“The chief business of the American people is business,” said Calvin Coolidge. Most people are familiar with the aphorism, but the famously taciturn president had more to say on the subject: “They are profoundly concerned with producing, buying, selling, investing and prospering in the world. I am strongly of the opinion that the great majority of people will always find these the moving impulses of our life.”
Judging from the results of a survey conducted in the fourth quarter of 2013, Coolidge was on to something. The 2014 Edelman Trust Barometer, a survey of the general public in 27 countries, shows that people have more trust in business than in the government—58% said that they trust business leaders to “do what is right,” versus 44% for government. In the United States, the gap is wider — 58% versus 37% — thanks to a 16-point plunge in trust in government from 2013.
Still, that leaves plenty of people who distrust business, too. As a result, we decided to ask what CFOs and other financial executives thought of the Edelman results and issues of trust in the Duke University/CFO Magazine Global Business Outlook Survey for the second quarter of 2014.
Nearly 60% of U.S. finance executives indicated that they believed the general business environment has been harmed by a lack of public trust in business and governmental leaders, and 47% acknowledged that public perceptions influenced the business decisions made in their companies. However, far fewer (38%) thought that this “trust deficit” would translate into difficulties for their own companies.
Some industries appear to be more sensitive to public perception than others. Two-thirds of the executives from the health care sector, and half from financial services, said that their own companies had been affected by the lack of public trust. Financial services companies were by far the most likely to see the effects show up in their financial statements. Nearly 4 in 10 U.S. respondents from financial services said that a lack of public trust had lowered their company’s revenues — much higher than the average of 18% for U.S. respondents overall.
More Symptoms Abroad
North Americans were the least likely to say that a lack of public trust had affected either the business environment or their own companies. In other regions of the world, finance leaders were not as confident in their companies’ immunity to public-trust issues (see chart, below).
In Latin America in particular, the gap narrowed between perceived effects of distrust on the business environment and its impact on their own companies.
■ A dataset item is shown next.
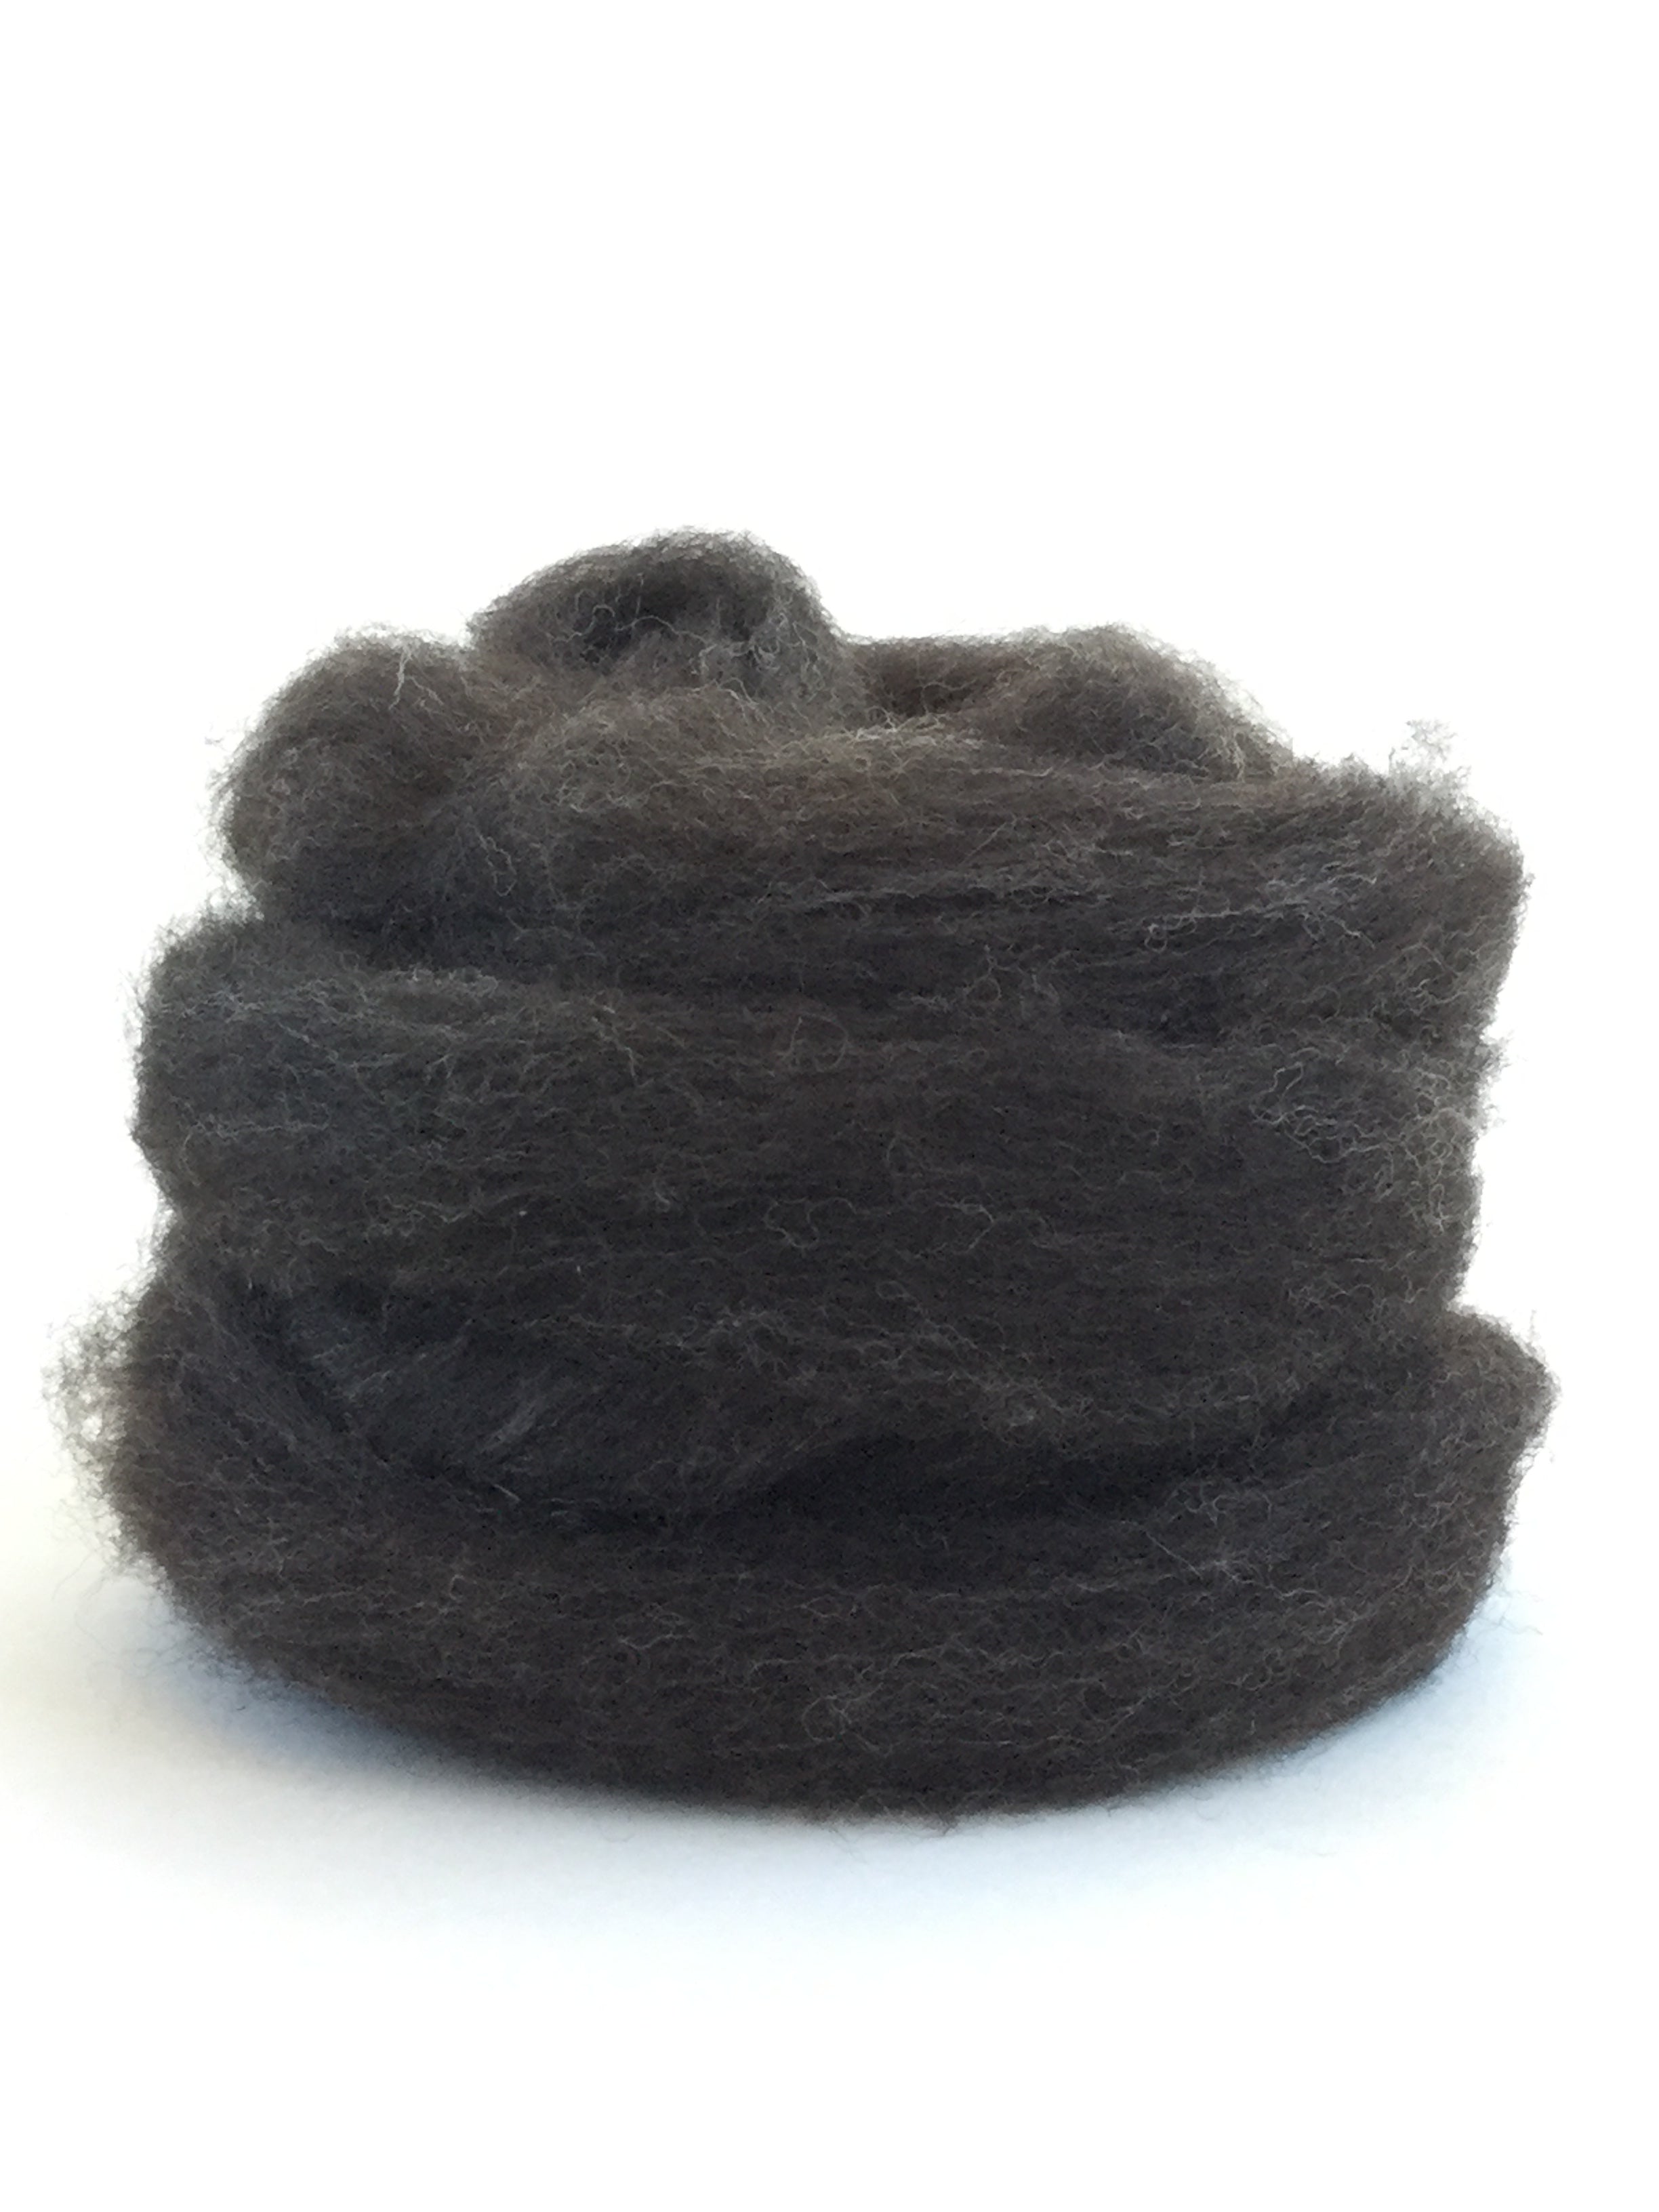 Local wool roving natural black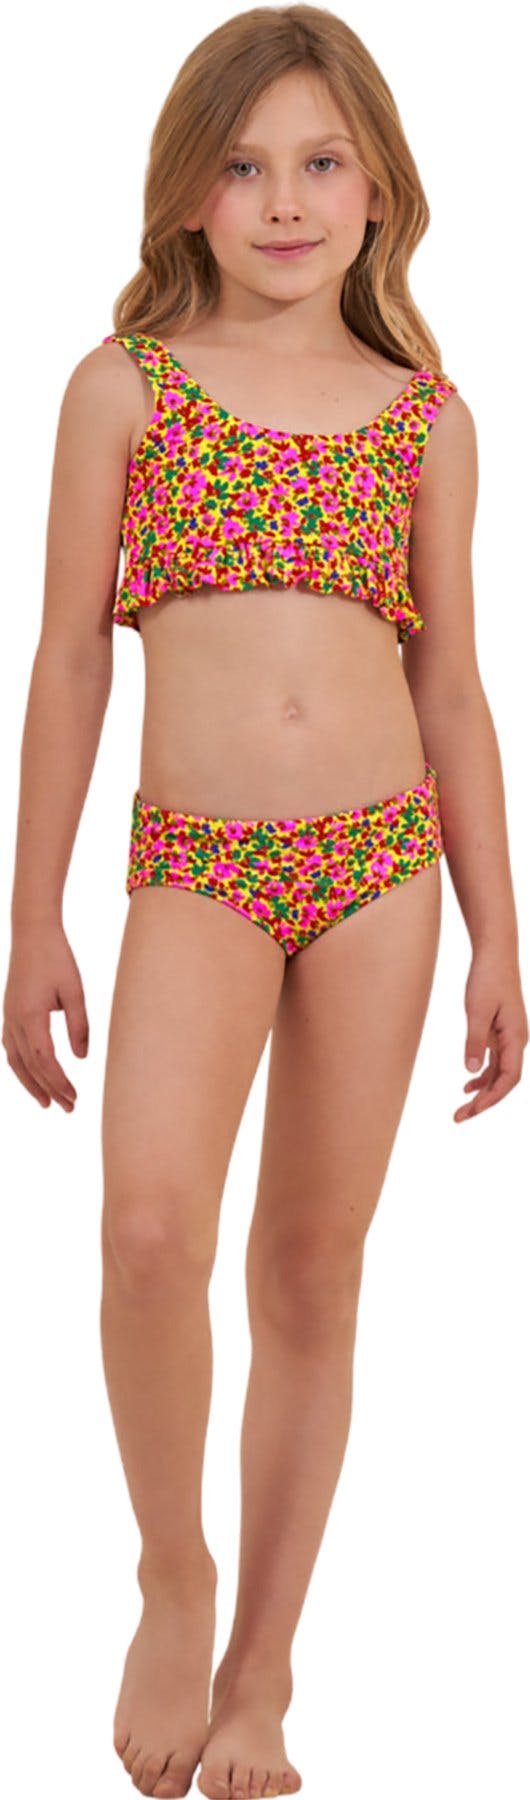 Product image for Moonbow Miniflore Bikini Set - Girls

In that region, 74% of business leaders said that the lack of public trust has affected their companies, not too far off from the number (80%) who said it was affecting the business environment in general. For Latin American finance executives, government policy appears to be translating into business actions more directly than is the case with their neighbors to the north.
Responses from China and Japan revealed a similar trend. In China, 52% of the respondents were concerned about the impacts of public mistrust on their own businesses — 14 points higher than in the United States. In Japan, the number concerned about the effects on their companies jumped to 66%.
Is Regulation the Cure?
If more regulation is the cure to the disease of public mistrust, U.S. finance executives don’t want any part of it, according to the Duke/CFO survey. Sentiment against tighter regulation was strongest in the United States, where a mere 16% of respondents agreed with the statement that more or stronger regulation was needed to improve public trust. This finding is not surprising, given that the survey also showed that government policies are top-of-mind for many U.S. finance chiefs.
Three-quarters of U.S. respondents said government policies were already either a big concern (48%) or a medium concern (29%) for their businesses. The more strictly an industry is regulated, the less likely CFOs were to see the need for any additional oversight. At financial services companies, three-quarters of respondents said that regulatory requirements were already a “big concern” — two to three times higher than in any other industry segment except for health care and pharmaceuticals.
In other countries, finance executives seemed more receptive to a larger role for government. Respondents from Japan (38%), Europe (36%), China (33%), and Africa (30%) were about twice as likely as their U.S. peers to look to more or stronger regulation as a remedy. Finance executives in Asia (outside of China and Japan) were even more insistent on some kind of regulatory action, with 53% agreeing that more or stronger regulation of businesses was needed, while 42% of finance executives in Latin America favored new or stronger regulation to improve public trust.
Keeping House
Overall, however, the Duke/CFO survey provides evidence that companies are reluctant to rely solely on government intervention to address the problem of public trust. Many have already taken steps themselves to keep their houses clean. Approximately half of the respondents from the United States, Europe, Asia, and China reported that they have strengthened their own companies’ governance policies and procedures in reaction to public concerns about business trust. Those percentages are even higher for Latin America (73%), Africa (80%), and Japan (87%). (See chart, above.)
Similarly, more than half of the respondents from the United States (52%), Europe (57%), and China (58%) said that their companies have emphasized increased transparency in business dealings and reporting in response to concerns about public trust. The focus on transparency is even stronger in Japan, where 91% of the executives surveyed said they have emphasized it, and in Africa and in Latin America, where 8 out of 10 respondents have done so.
These companies don’t appear to be interested in simply papering over the issue of public perception, either. Regardless of their region of origin, only about a quarter of the respondents said that they use marketing and PR to counteract the lack of public trust.
It appears that most finance leaders believe that, if they can keep their own houses in order, public perception may well take care of itself.